» DATASET RECORDS

-- -- --

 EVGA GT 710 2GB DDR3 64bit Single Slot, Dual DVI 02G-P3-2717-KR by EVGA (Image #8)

-- -- --

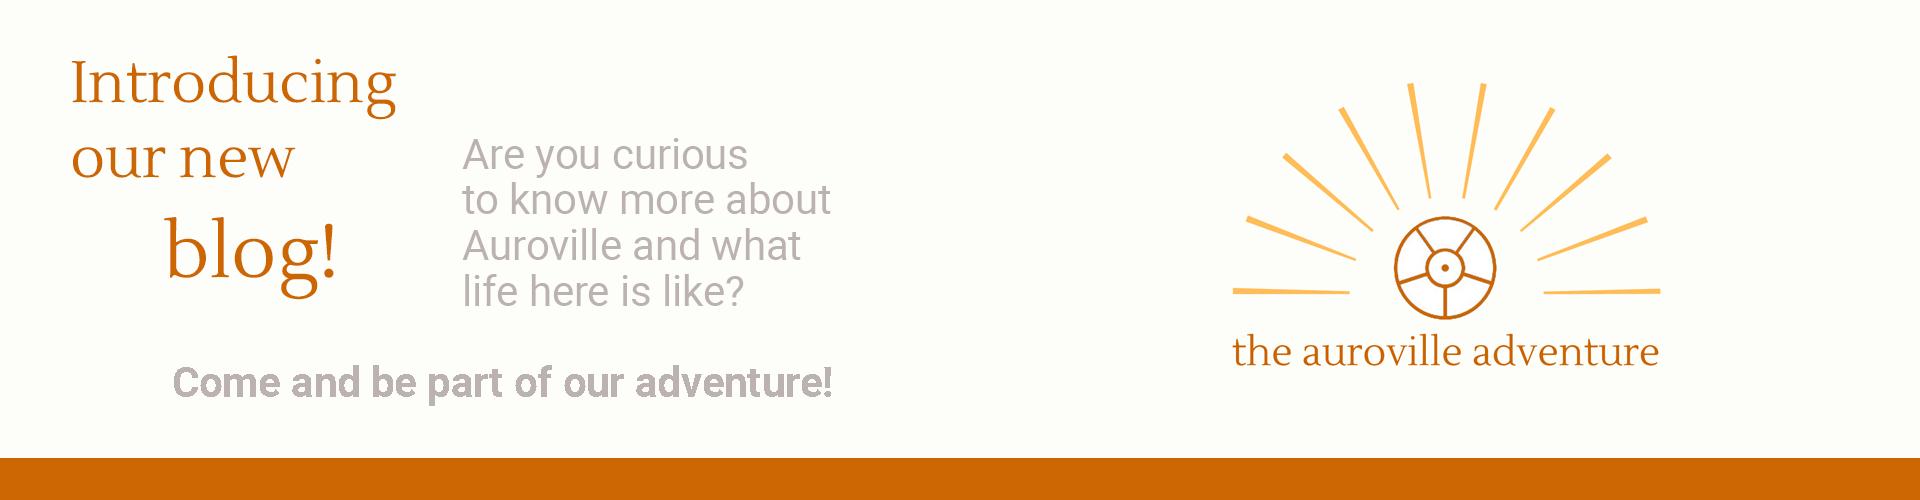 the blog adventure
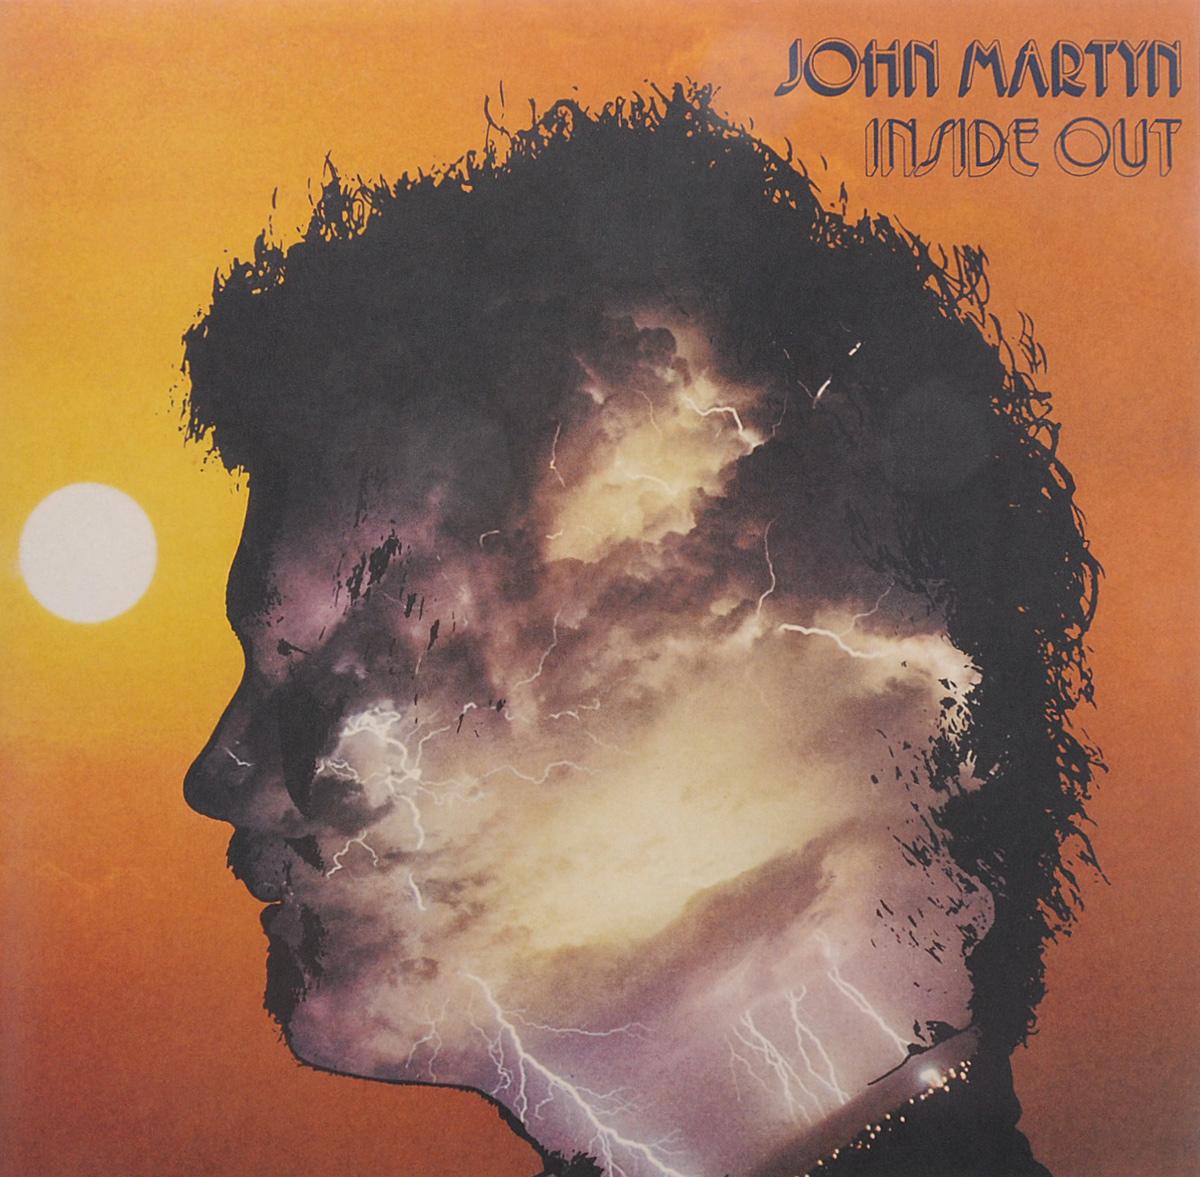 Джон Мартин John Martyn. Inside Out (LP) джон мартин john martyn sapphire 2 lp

-- -- --

» YOUR OBJECTIVE
In the data above, retype only the stretch from the line with "the blog adventure" through the line with "Джон Мартин John Martyn.", word for word, and skip any pictures.

» RESPONSE AREA
 the blog adventure
 Джон Мартин John Martyn. Inside Out (LP) джон мартин john martyn sapphire 2 lp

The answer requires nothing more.